Boosting Techniques in Machine Learning, in this Tutorial one can learn the Boosting algorithm introduction. Are you the one who is looking for the best platform which provides information about different types of boosting algorithm? Or the one who is looking forward to taking the advanced Data Science Certification Course from India’s Leading Data Science Training institute? Then you’ve landed on the Right Path.
Machine learning is vital for many of the technologies that seek to provide intelligence to the data, and companies recognize the great value. Boosting is a meta-algorithm joint learning machine to mainly reduce bias, and also variation in supervised learning, and a family of machine learning algorithms that convert students’ weaknesses to strengths.
The Below mentioned Tutorial will help to Understand the detailed information about boosting techniques in machine learning, so Just follow all the tutorials of India’s Leading Best Data Science Training institute in Bangalore and Be a Pro Data Scientist or Machine Learning Engineer.
As seen in the introduction part of ensemble methods, boosting is one of the advanced ensemble methods which improve overall performance by decreasing bias. Boosting is a consecutive process, where each succeeding model attempts to correct the errors of the preceding model.

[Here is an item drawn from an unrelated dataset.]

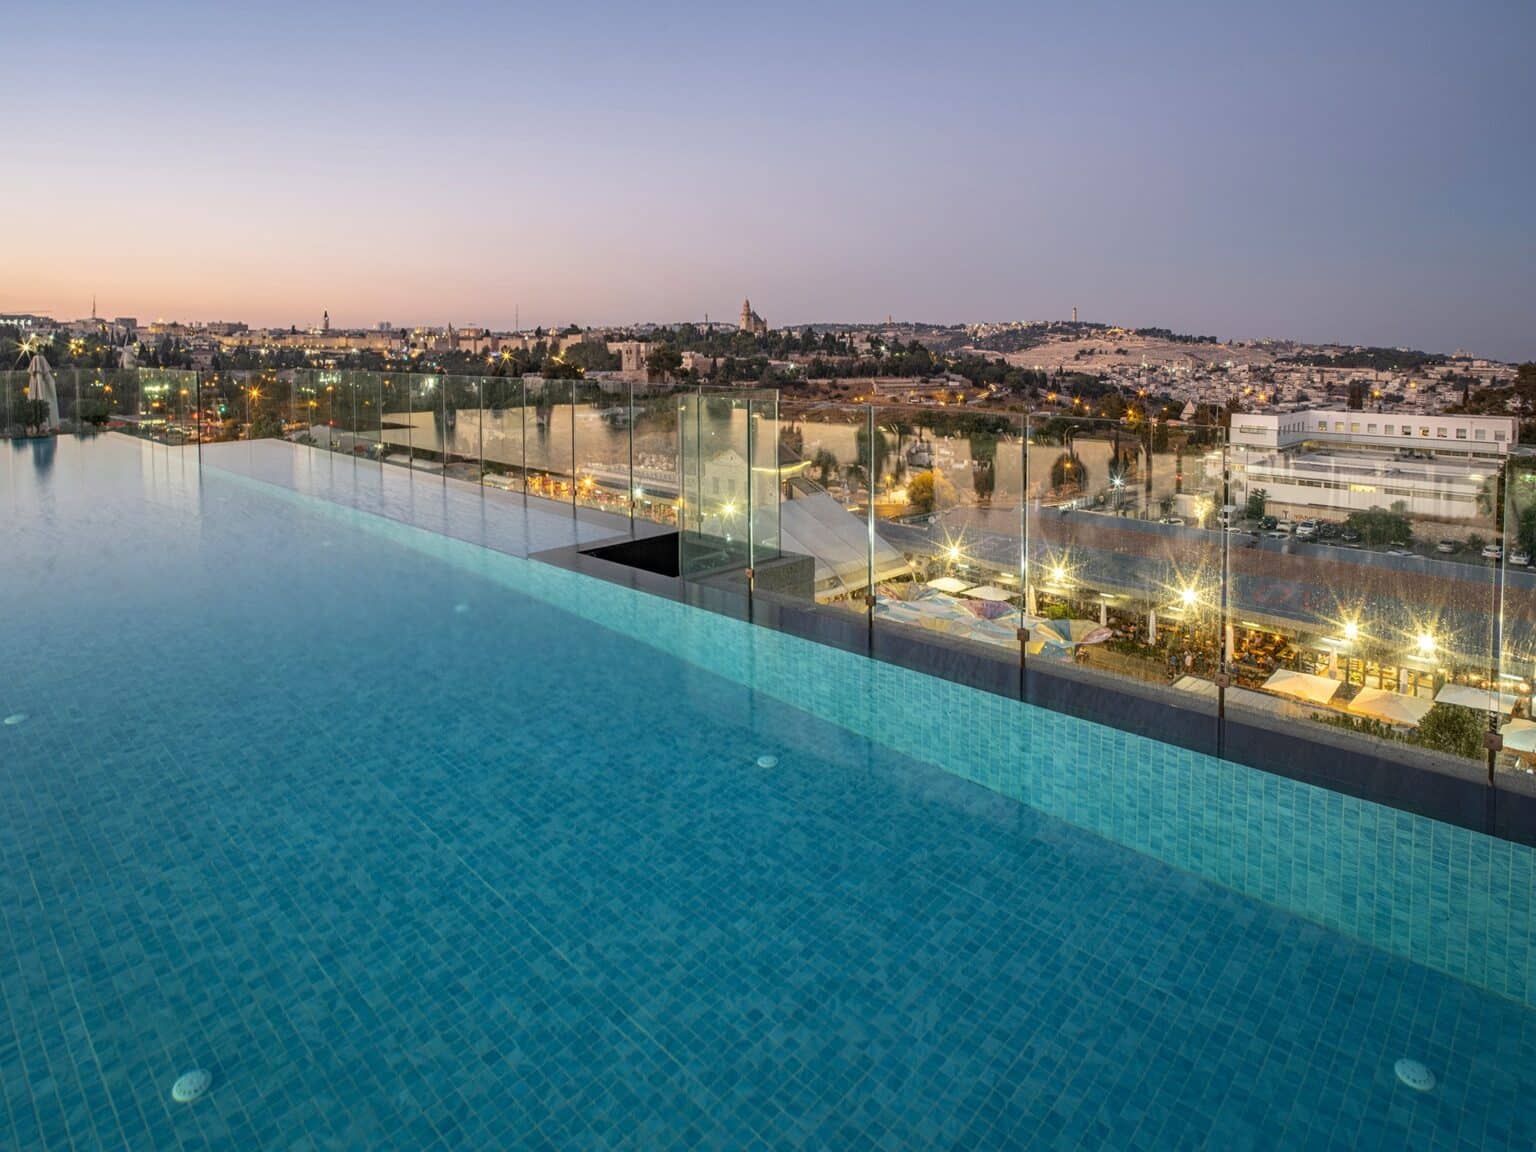 Luxury hotels in Israel
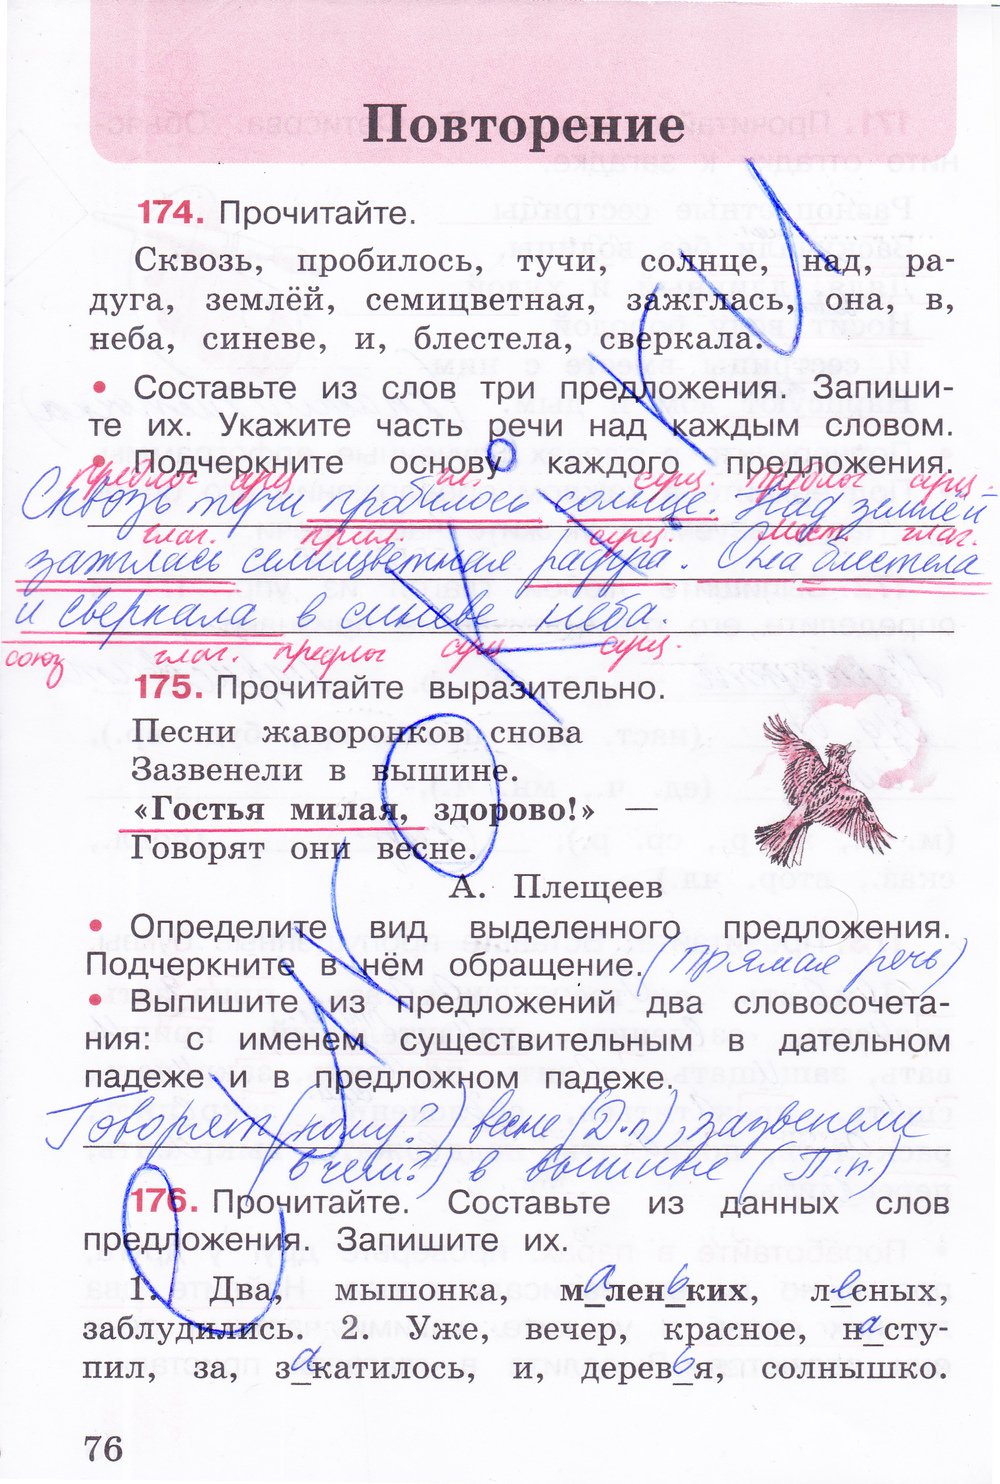 Телеграмм гдз по русскому языку фото 100

There are mainly five types of boosting techniques.
AdaBoost
Gradient Boosting (GBM)
Light GBM
XGBoost
CatBoost
Let’s see more about these types.
Understanding AdaBoost Algorithm
AdaBoost, considered one of the simplest boosting algorithms, commonly utilizes decision trees for modeling. It follows a sequential approach, wherein multiple models are created successively. Each subsequent model aims to rectify the errors made by its predecessor.
This correction process involves assigning higher weights to observations that were incorrectly predicted by the previous model. Consequently, in the subsequent iteration, the algorithm prioritizes the accurate prediction of these misclassified instances. This iterative refinement of models ensures progressive improvement in overall prediction accuracy.
:
where
fm = mth weak classifier
m= corresponding weight.
Understanding AdaBoost Algorithm
AdaBoost, short for Adaptive Boosting, is precisely the weighted combination of multiple weak classifiers. The algorithm operates through the following steps:
Let’s illustrate this process with an example of employee attrition.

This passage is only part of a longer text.